Nearly all of the tax cuts announced in the government’s mini-budget are being rolled back — here are seven things you need to know about the turnaround.
1. Let’s start with the fact that it wasn’t really just any U-turn. It was more.
Not only did it reverse the majority of policies in the mini-budget, it went further and reversed a Sunak-era plan to lower the basic income tax rate.
2. That this happened so quickly, and with more than half an eye on the markets, is symptomatic of a much bigger deal.
Government policy is not dictated by the Tory party or parliament, but by the financial markets. I can’t remember another occasion we’ve had that since Black Wednesday in 1992.
3. And markets were able to dictate policy because there is still a clear and present danger.

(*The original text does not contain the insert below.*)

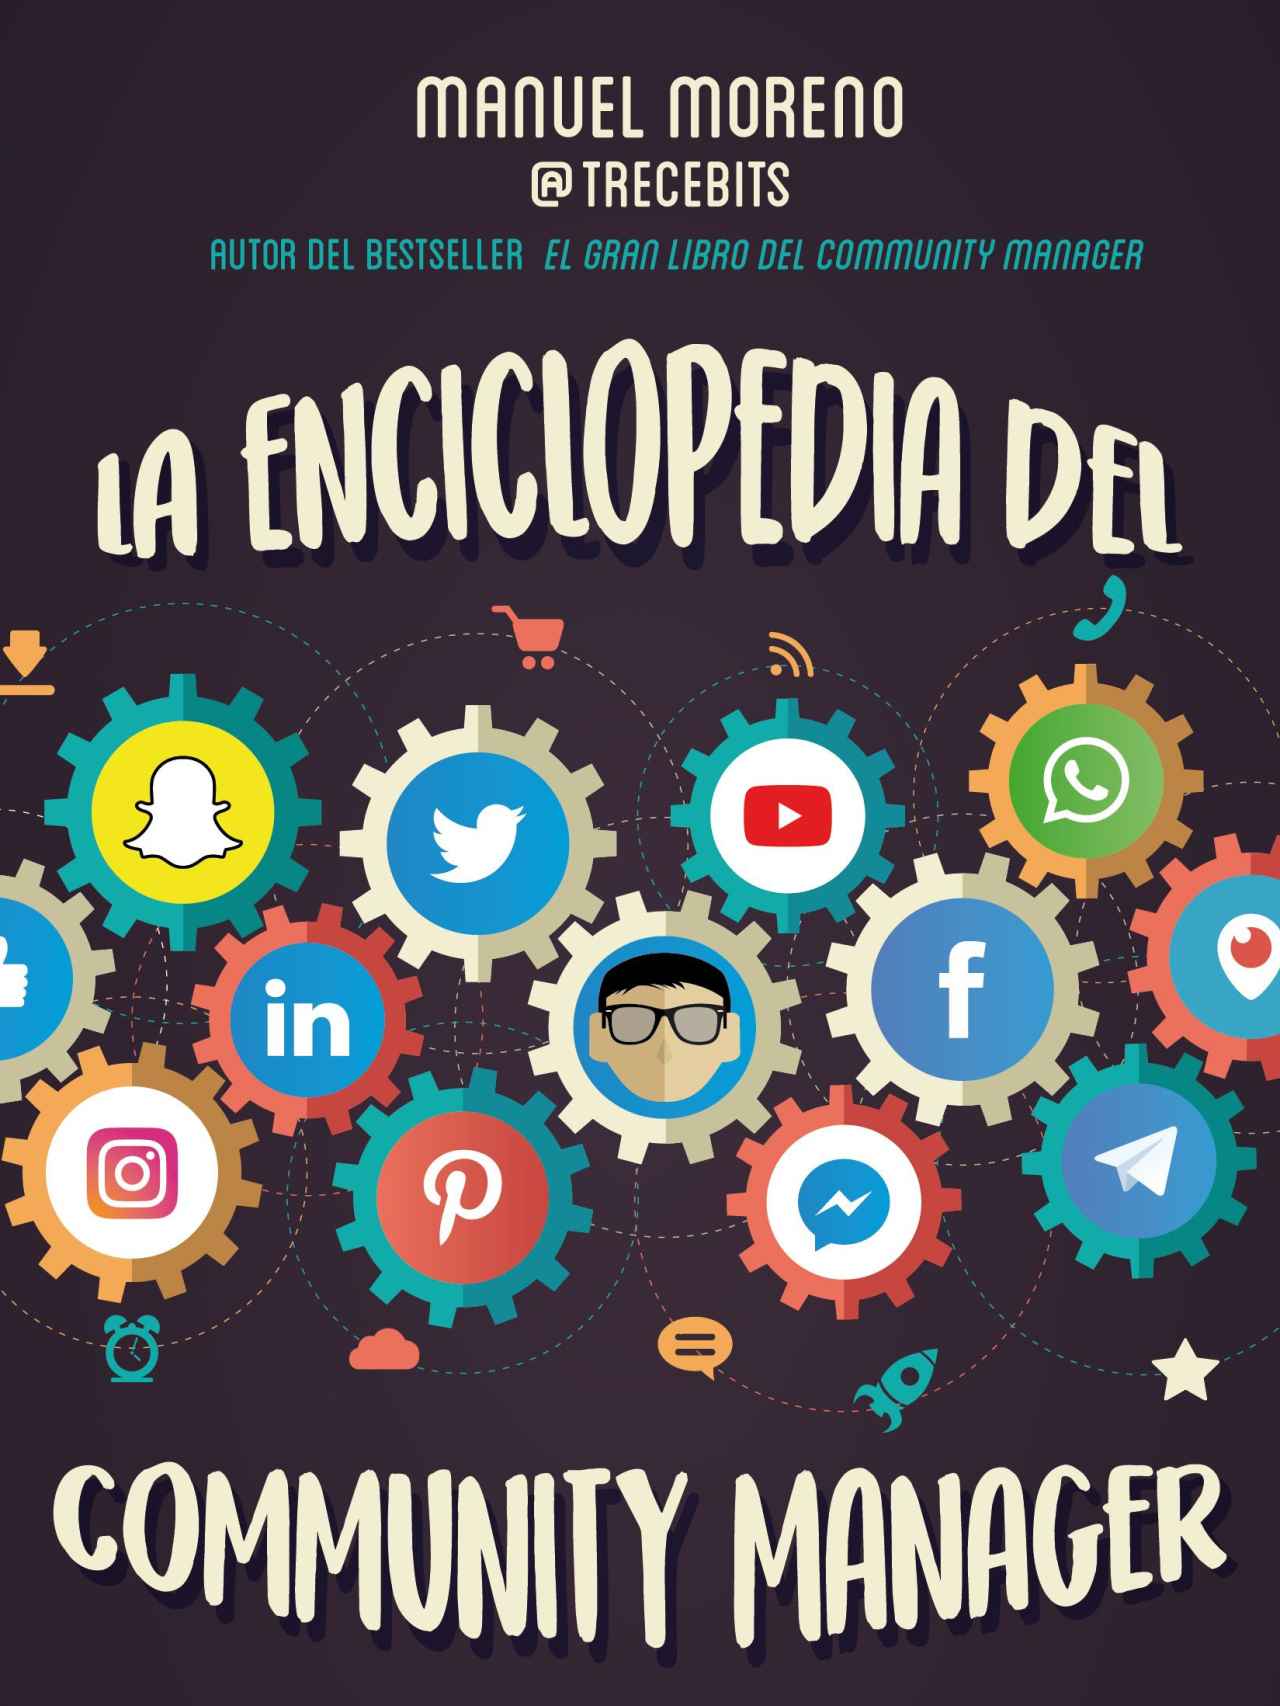 Enciclopedia del community manager.

As I mentioned before, there is at least one fund, with an asset manager who was close to the brink this morning. A further rise in yields would have turned it around.
4. The good news is that today’s measures really seem to have given the markets some confidence again. Gold yields have now fallen significantly.
That, in turn, is weighing down expectations for Bank of England interest rates, which in turn is likely to push fixed-rate mortgages down. A great relief for everyone.
5. When it comes to calming the financial markets, this was by far the most successful government intervention since Liz Truss became Prime Minister. Yet she is nowhere to be seen.
The intervention came from an outsider; striking, but consistent with the fact that this is a credibility crisis.
6. The most groundbreaking of all measures was not even budgeted for today.
Changing the energy price guarantee from a two-year policy to a six-month policy can potentially save tens of billions. Maybe even £100 billion plus, but we don’t know because it depends on future gas prices.
7. Crucially, while today’s measures went further than most people expected, there is still a significant shortfall.
If Jeremy Hunt wants to lower the national debt, he will have to find another £30-40 billion in cuts and/or tax hikes, so there’s more to come.